Assignment:
In the listing below, locate the line that contains "trenos-wedding-lbi-photographer-7.jpg" and the line that contains "Deadpool Vol 5". Restate word for word those two lines and every line between them, and nothing else.

Input records:

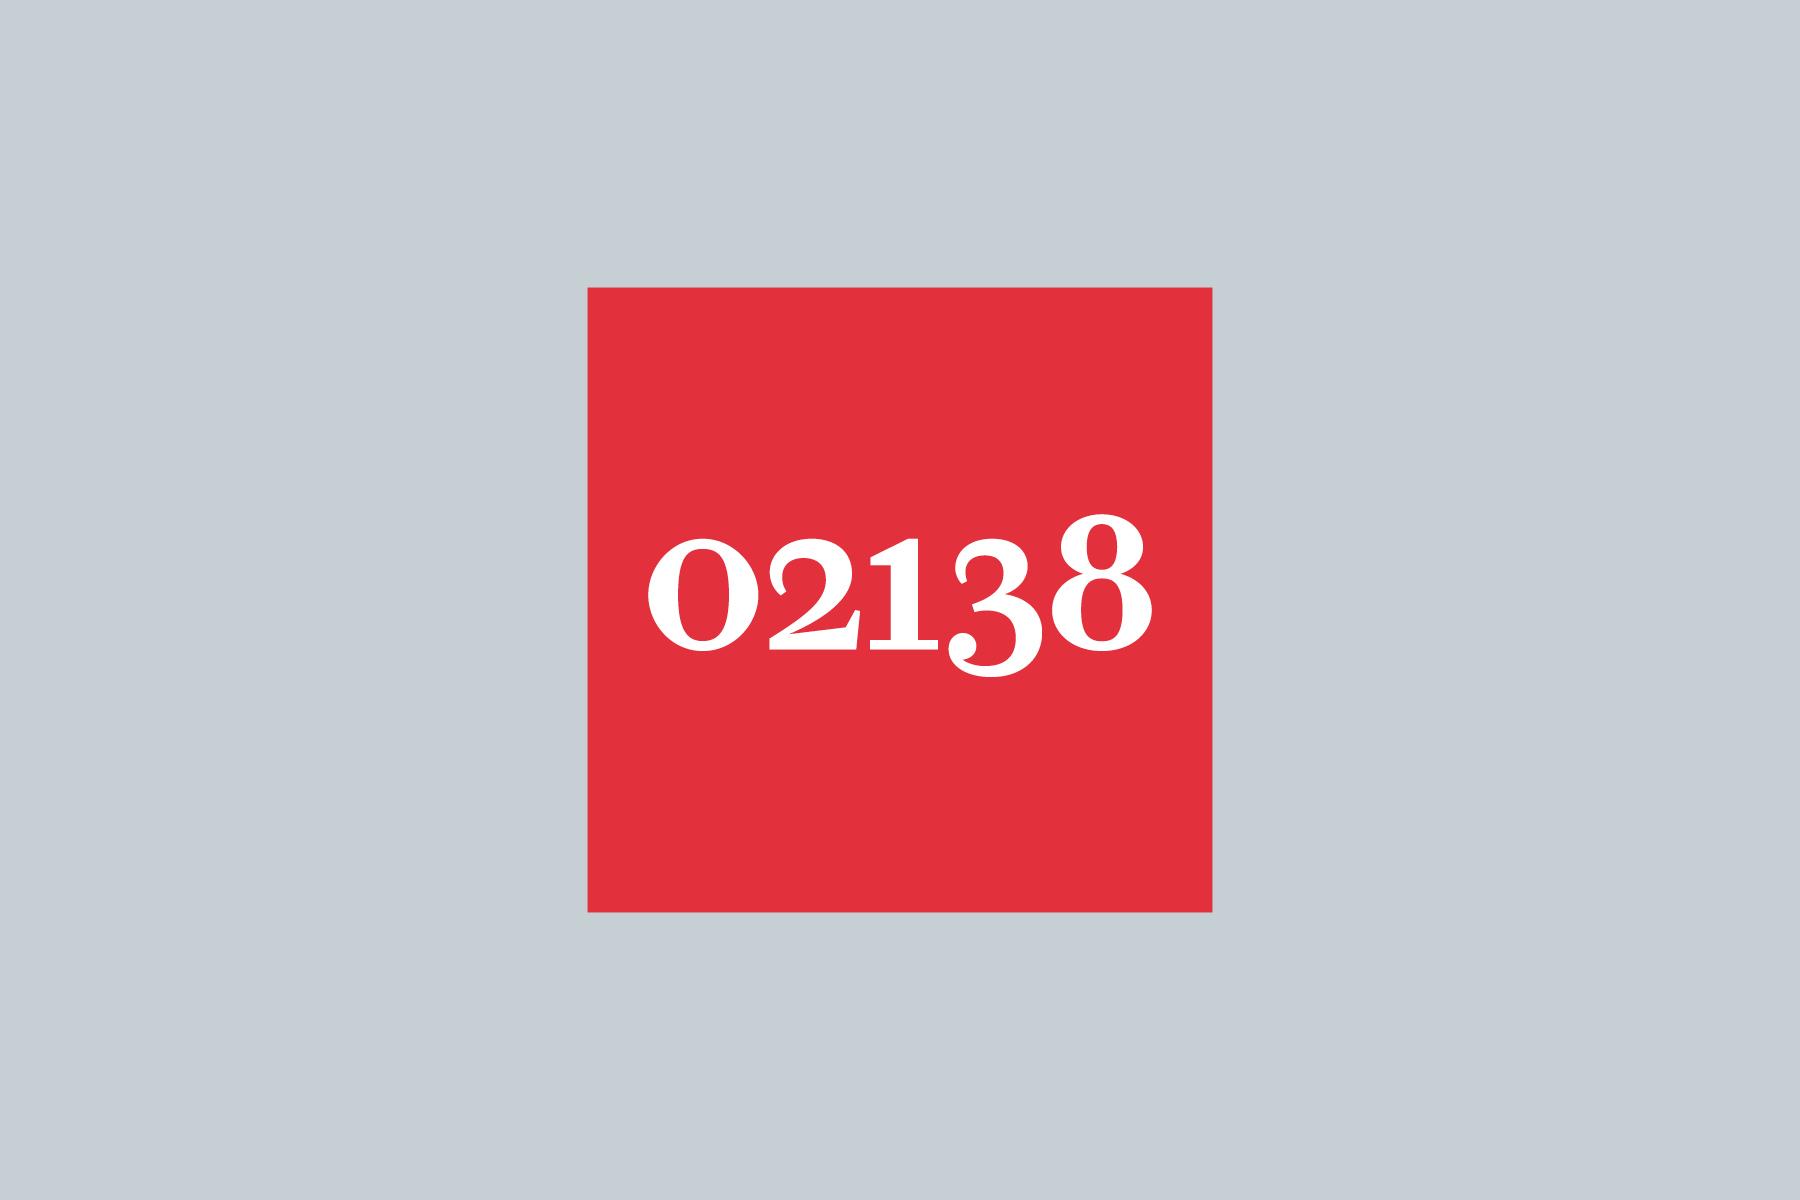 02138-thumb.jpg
---
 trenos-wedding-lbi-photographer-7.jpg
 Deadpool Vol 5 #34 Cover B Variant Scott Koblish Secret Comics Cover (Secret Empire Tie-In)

Problem solution:
 trenos-wedding-lbi-photographer-7.jpg
 Deadpool Vol 5 #34 Cover B Variant Scott Koblish Secret Comics Cover (Secret Empire Tie-In)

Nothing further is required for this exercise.